The Spurs are a team in the purest sense because of Duncan, all the more noteworthy in a league that sells the individual instead of the team.

It is no secret the NBA honchos are relieved because of the ascent of James.

Another Spurs-Pistons matchup — the Spurs won in seven games in 2005 — would have horrified ratings-obsessed television executives.

Beyond James, though, the Cavaliers are a mishmash of ordinary parts that collide over which playing style maximizes the personnel.

James and Larry Hughes are best in a free-wheeling, open-court attack, while Zydrunas Ilgauskas and Drew Gooden are most functional in halfcourt sets.

Gibson, Sasha Pavlovic and Donyell Marshall are mostly spot-up shooters, Anderson Varejao all hair and elbows, Eric Snow the token senior citizen and Damon Jones the token mouth.

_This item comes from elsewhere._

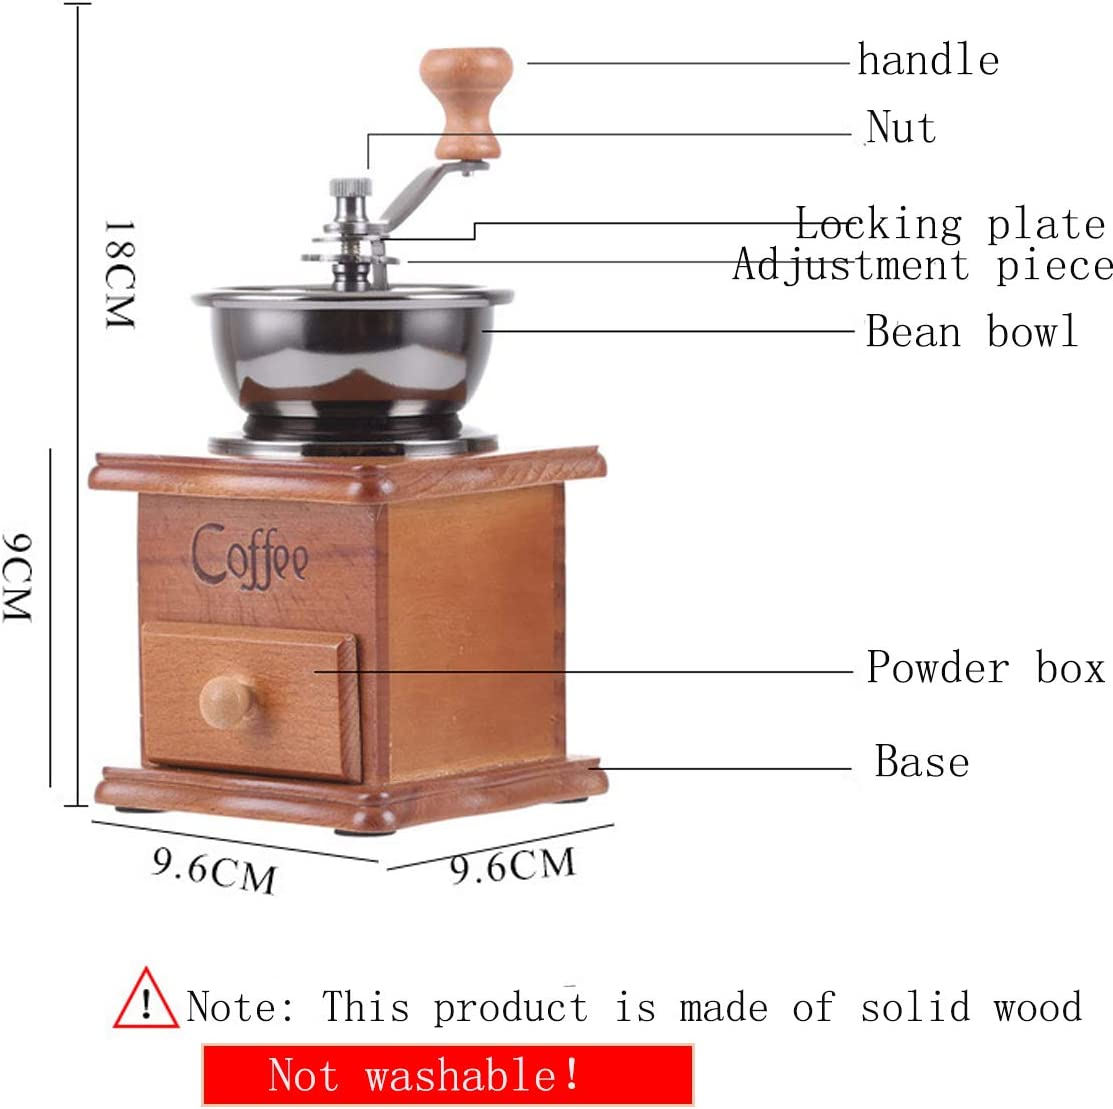 Braunes Holz Reisen Gro/ße Kapazit/ät Camping dancepandas Kaffeem/ühle Manuell Holz Retro Keramik Handkaffeem/ühle Keramikmahlwerkcoffee Bean Grinder Manual Verstellbar Handkurbel tragbar

Unless James can piece together a series of performances reminiscent of his Game 5 gem against the Pistons, the Spurs are too balanced, smart and flexible to be challenged.

The Spurs can win by playing at a snail’s pace or in a shoot-out.

If Bruce Bowen, Brent Barry and Robert Horry are hitting 3-pointers, the Spurs become almost impossible to defend.

The East has been sending mostly forgettable teams to the NBA Finals since the eighth-seeded Knicks in 1999.

The Cavaliers, James notwithstanding, are hardly the exception.

That could be the other circumstance, besides James, that is in their favor.

The burden of expectations is on the Spurs.